# Gunsmith to rechamber a Rem 700



## tmanfrmtn (Jun 6, 2012)

I have a remington 700 varmint that is 22-250 and want to put a new 206 rem barrel on it and have it re chambered.
 Are there any quality gunsmiths in the Atlanta/Marietta that would do a quality job for me?
 I would also head north to have the work done I just hate to start driving south of Alt unless I cannot find anyone somewhat local


----------



## BriarPatch99 (Jun 6, 2012)

Probably gonna be hard to find a barrel and a reamer for a 206 rem...

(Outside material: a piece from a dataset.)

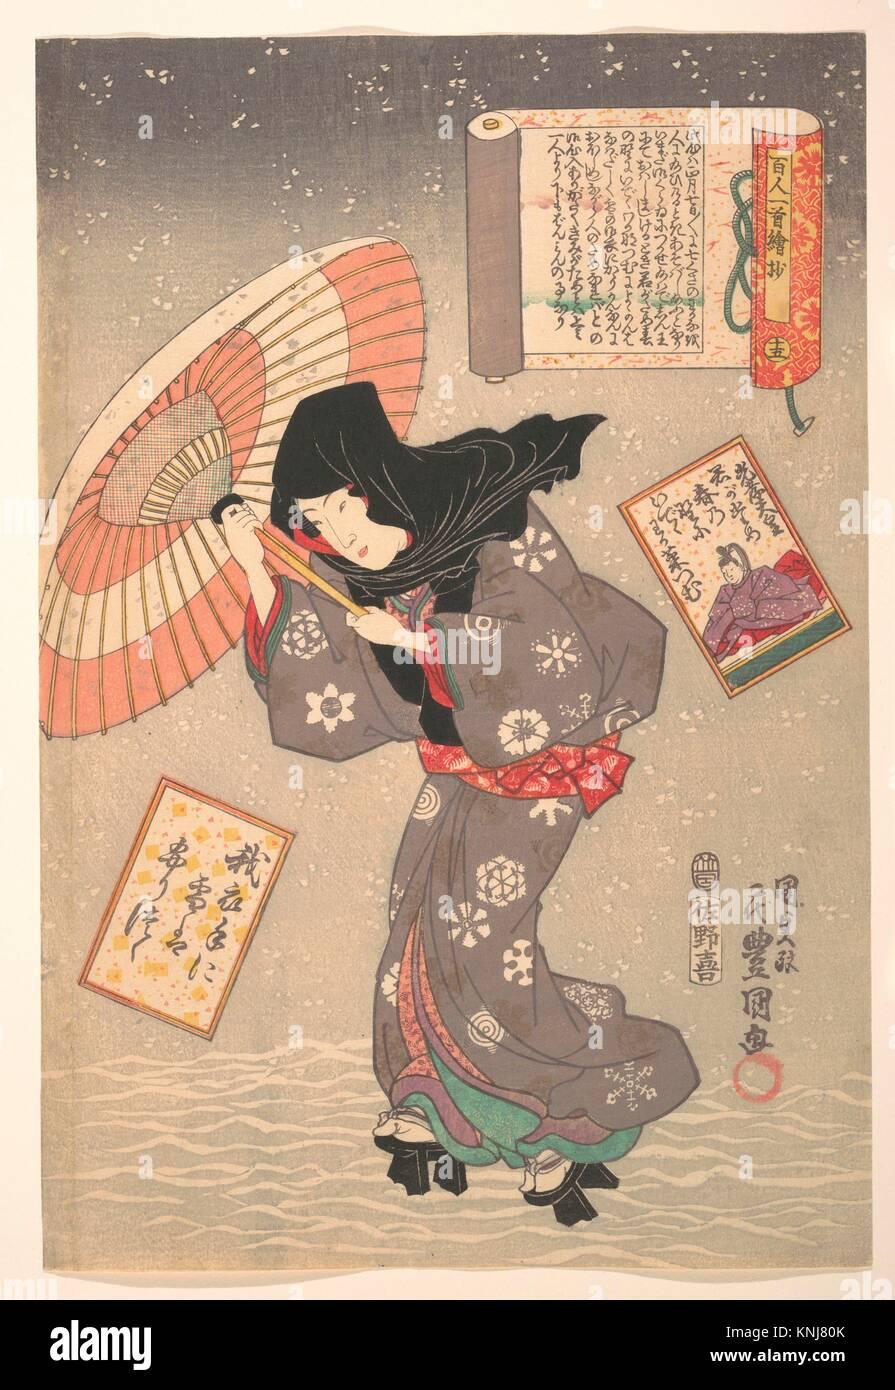 Selected Scenes from One Poem Each by One Hundred Poets: Poem by Emperor Koko. Artist: Utagawa Kunisada (Japanese, - Stock Image

But if you talking 260 Rem... then there should be several near there... if not there are some here in S GA...


----------



## rayjay (Jun 6, 2012)

These guys build a lot of winning LR competition guns. They have a 700 yard range at the shop. They also know the 260 Rem and it's derivatives very well and probably already own a reamer that will suit your needs. They are up in Jefferson which would be a little bit of a drive but worth it imo. 

American Precision Arms
Jered Joplin

You can talk to David or Bill also. Jered is always real busy so one of the other guys can help. 706-534-1577


----------



## tmanfrmtn (Jun 7, 2012)

Called them today.
 I have to say I did not expect them to be a maker of ultra high end guns.
 Ordering a barrel from them this week and going to have them do my work.
 Funny I am going to spend more on my gunsmithing than I did on the gun but sounds like it will be worth it


----------



## watermedic (Jun 8, 2012)

tmanfrmtn said:


> Called them today.
> I have to say I did not expect them to be a maker of ultra high end guns.
> Ordering a barrel from them this week and going to have them do my work.
> Funny I am going to spend more on my gunsmithing than I did on the gun but sounds like it will be worth it



That is normal for quality work.


----------



## spurandrack (Aug 7, 2012)

*gunsmith to rechamber a rem 700*

buy you another barrel..........

s&r


----------